Em outubro do ano passado, o Juízo da Vara Judicial Integrada de Terra de Areia determinou que a CEEE e o município deveriam realizar a regulamentação do loteamento e a extensão da rede elétrica em 120 dias, 60 para cada um cumprir as medidas necessárias. Além disso, os réus foram condenados a pagar indenização no valor de R$ 8 mil. Até o fechamento da reportagem, apenas a CEEE tinha apelado da decisão.
Procurada pela reportagem de Zero Hora, a CEEE afirmou, em nota, que "a extensão da rede dentro da referida área em Terra de Areia deve ser custeada pelo loteador" e que "o projeto deve ser analisado e aprovado pela CEEE" antes de ser executado.
O que diz o prefeito de Terra de Areia, Joelci da Rosa Jacobs (PP):
Por telefone, o prefeito de Terra de Areia afirma que a infraestrutura deveria ter sido feita pela empresa que fez os lotes.
Como se deu a venda dos terrenos?
Em 2012, recebemos aquele terreno de uma empreendedora, que era detentora de todo aquele loteamento. Eles entregaram alguns lotes em forma de pagamento de IPTU. Como a prefeitura não tem interesse em lotes, queríamos fazer caixa para o município e colocamos em leilão. Todos os interessados que foram lá visitar sabiam que estava sem rede elétrica.
A prefeitura não teria de realizar as obras de infraestrutura antes do leilão?
A obrigação de fazer a infraestrutura era da empreendedora.
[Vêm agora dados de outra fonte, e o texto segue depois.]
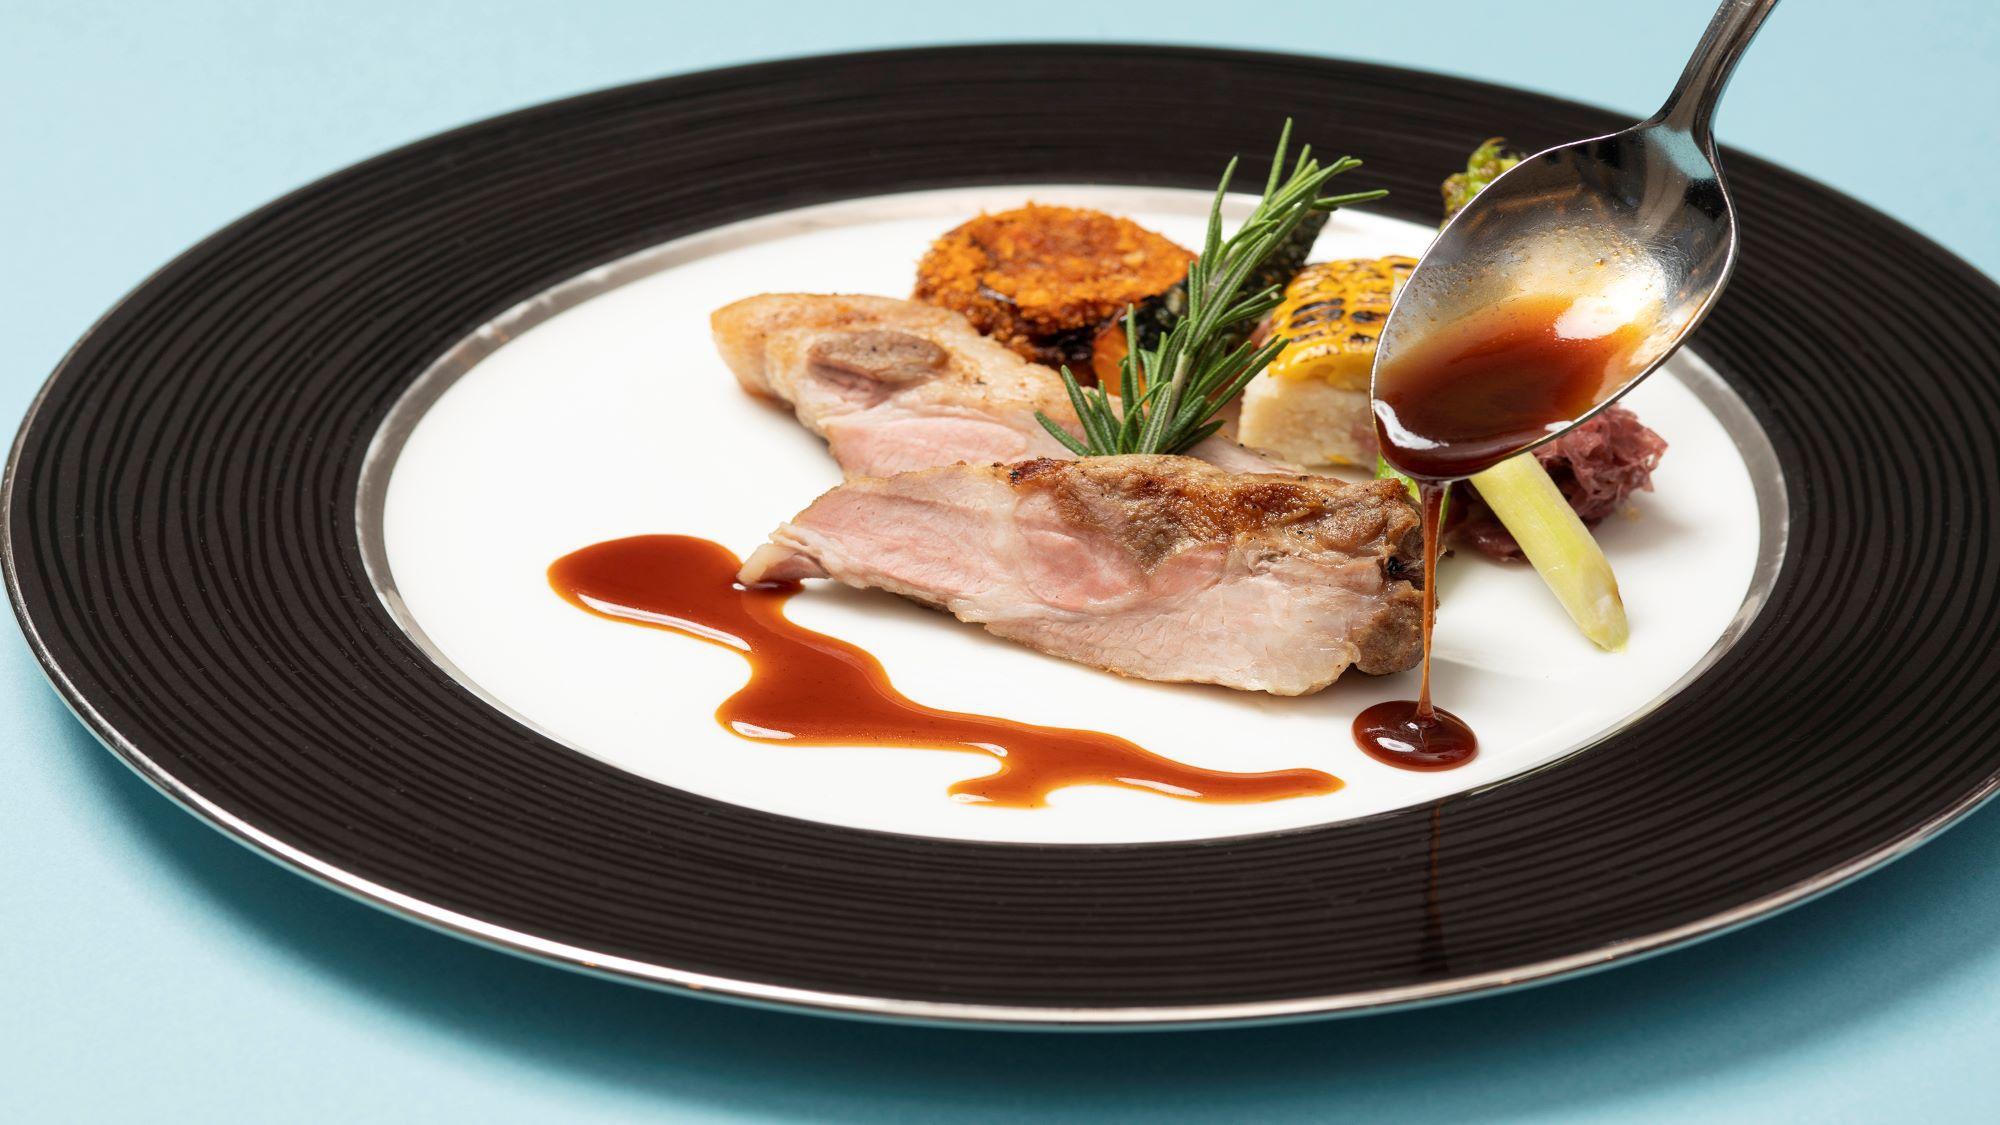 Dine & Stay〜お部屋で満喫おこもりステイ〜(インルームダイニング夕食付き)

A empresa alegava na época que já tinha feito as obras necessárias. Aquele loteamento está regularizado, é calçado, estava todo cercado, tinha toda a infraestrutura, mas ficou muito tempo parado e roubaram fios, postes, a tela que cercava o terreno. Sendo assim, é obrigação da CEEE ligar a rede elétrica na região. Não é obrigação da prefeitura.
A casa também não tem água.
A tubulação da rede da Corsan passa na beirada do asfalto, muito próximo à casa deles. O seu Paulo precisa apenas solicitar a ligação de água para a Corsan.